Re: [XCON] On encodings
[Date Prev][Date Next][Thread Prev][Thread Next][Date Index][Thread Index]

Re: [XCON] On encodings



As mentioned in the other post, this is interesting analysis, so I thought I'd try to add a bit more detail to it.

I've compared XML encodings with long tag names with a Megaco like encoding (in this case Lumas*) and a binary encoding (Lumas again).

*To justify the choice of Lumas encoding here, the original Lumas was an attempt to formalise the Megaco text encoding so that it could work for both text and binary. So Lumas has a lot in common with Megaco encoding. Indeed, change "context = 123 { ..." to "context = { 123 ..." and you're there!
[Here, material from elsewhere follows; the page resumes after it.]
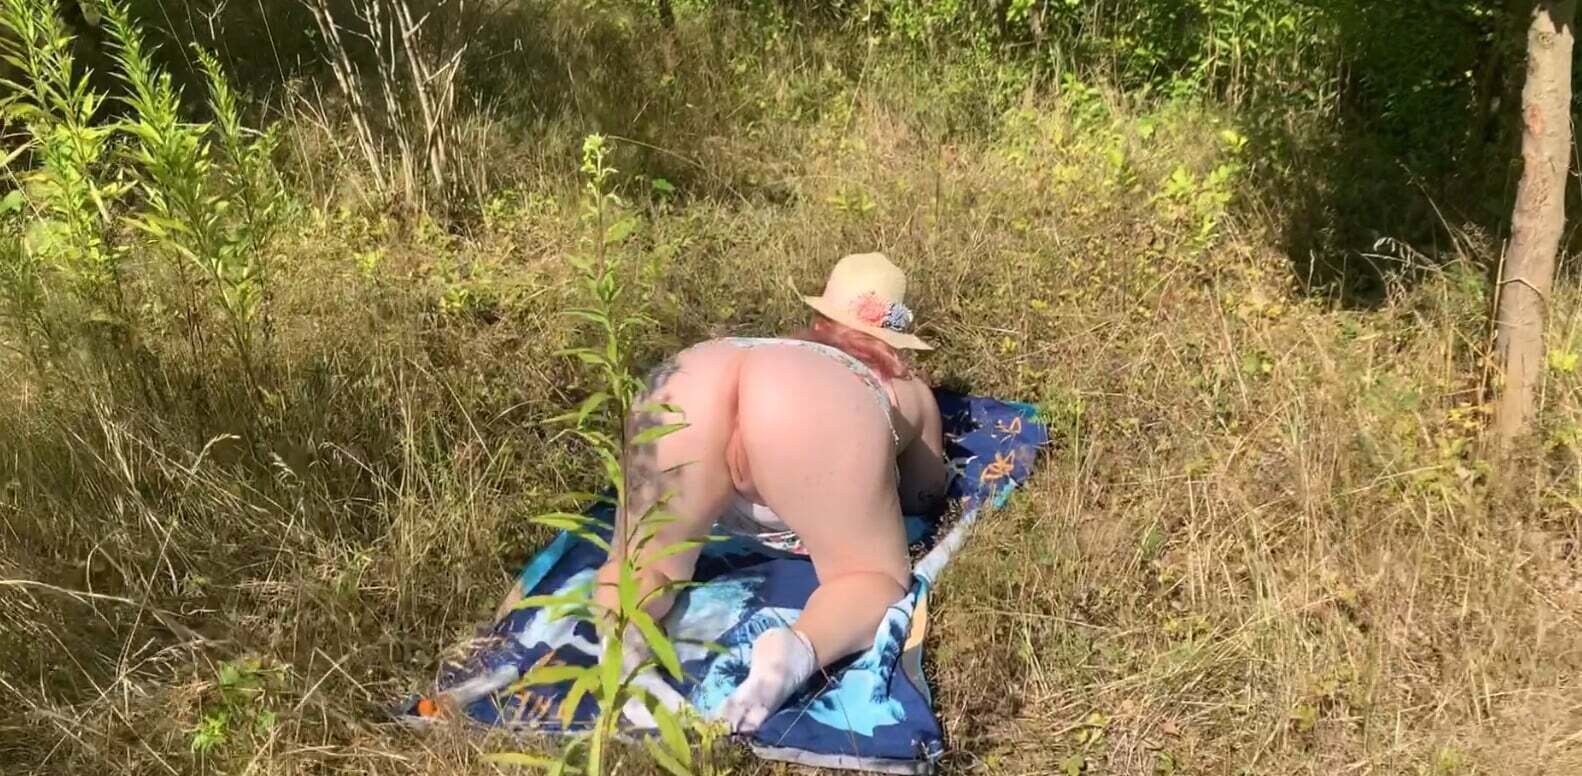 Watching a sunbathing girl with huge tits! She wants to fuck!
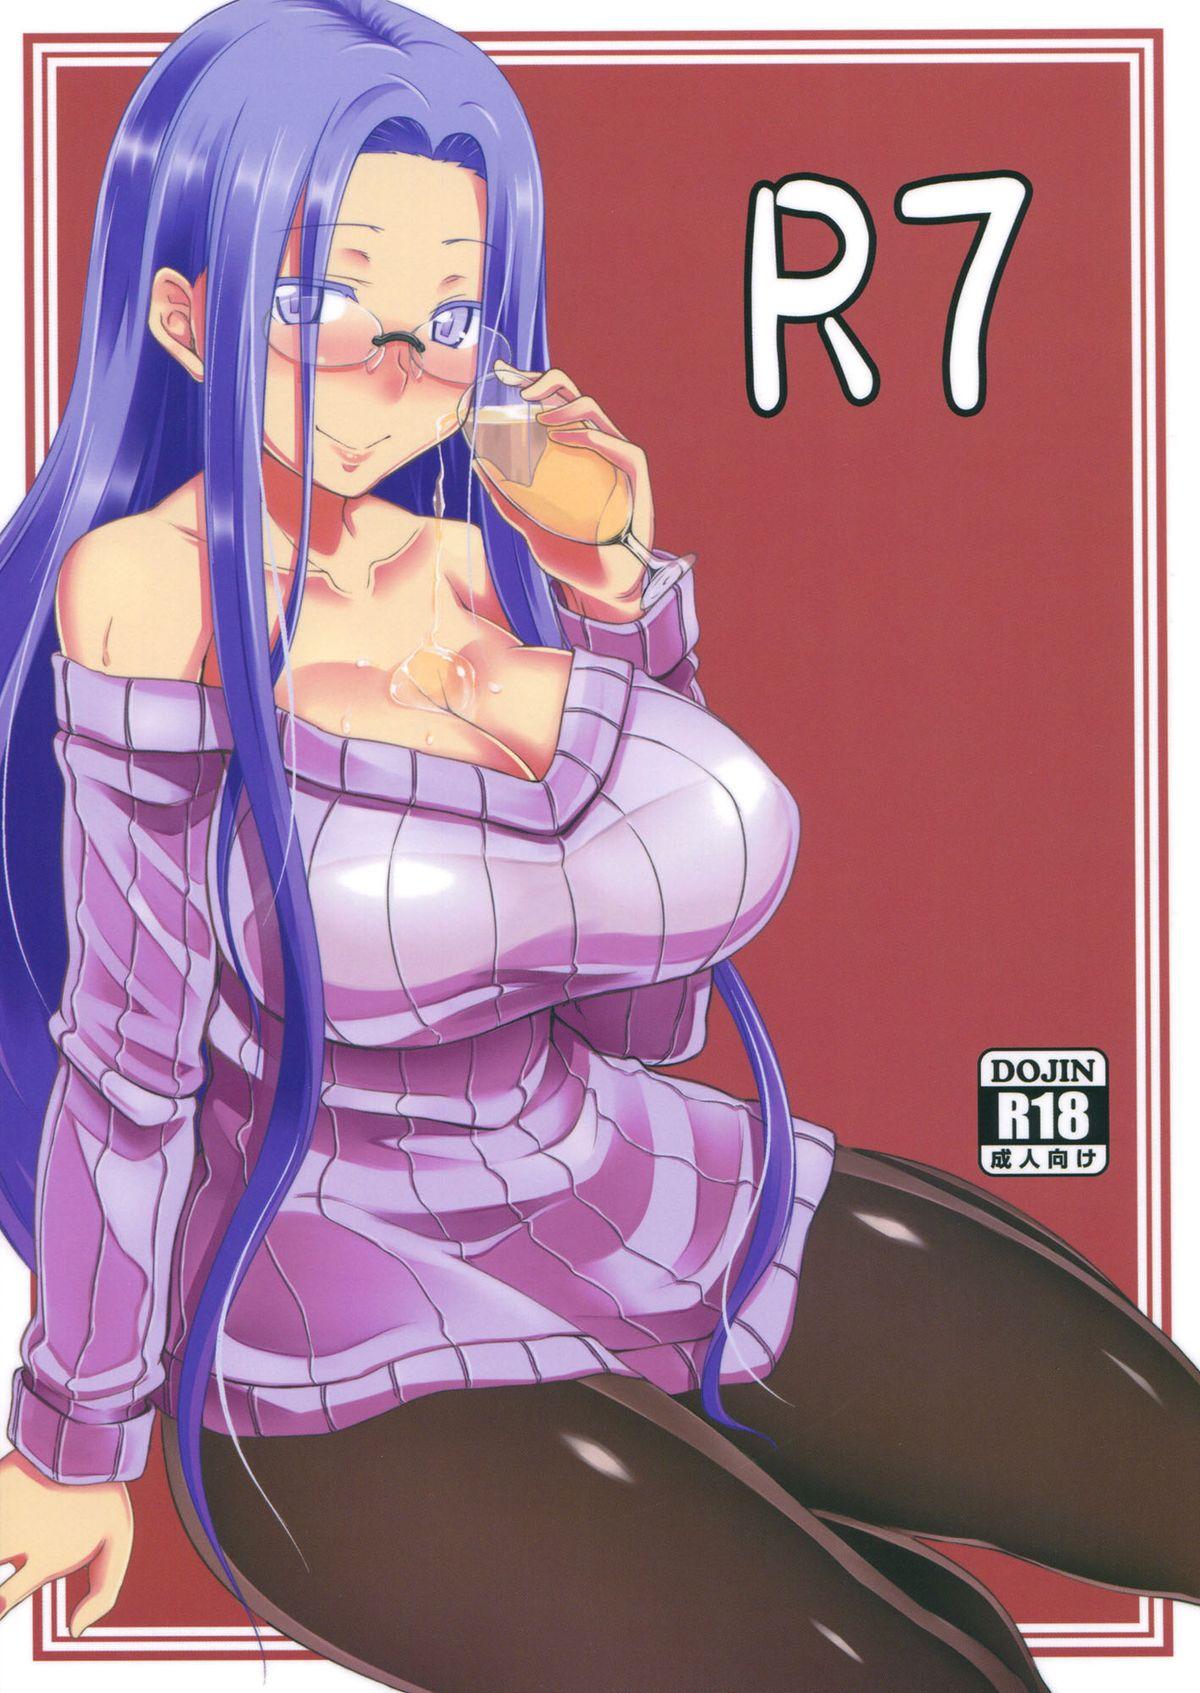 Fuck R7 - Fate stay night Fate hollow ataraxia Vintage - Picture 1

Note that although Megaco is a text encoding (one of them anyway!), it probably has more similarities in terms of message length with a binary encoding than XML encoding. This is because in a number of cases Megaco has no tag, or short tag.

Tagging is obviously a big issue. To get an idea of the length of typical XML tags I grepped (well Perled really) out the element and attribute names defined in the CPCP draft. When doing this I got an average tag length of 12.7 characters. I noted that many of the names were of the form "a-long-tag-name", so I derived short tag names by taking the first letter of each sub-word. The average of this was 2.08 characters. (I've attached the Perl code used so that you can replicate my analysis if desired.)

As noted in the other mail, XSD does not lend itself to designing XML with small tags. If everything is called X (or similar) the XSD doesn't describe the message very well. So, although you can define an XSD with small tags, I think in practice you wouldn't! (Aside: This is why Lumas allows for specifying a long descriptive name in the message definition, and specifying a short name for tagging.)


For the binary encoding I used Lumas's binary rules. This uses variable length tag and length fields similar to how UTF-8 is variable length. As UTF-8 is commonly part of XML I can't see that this is an issue.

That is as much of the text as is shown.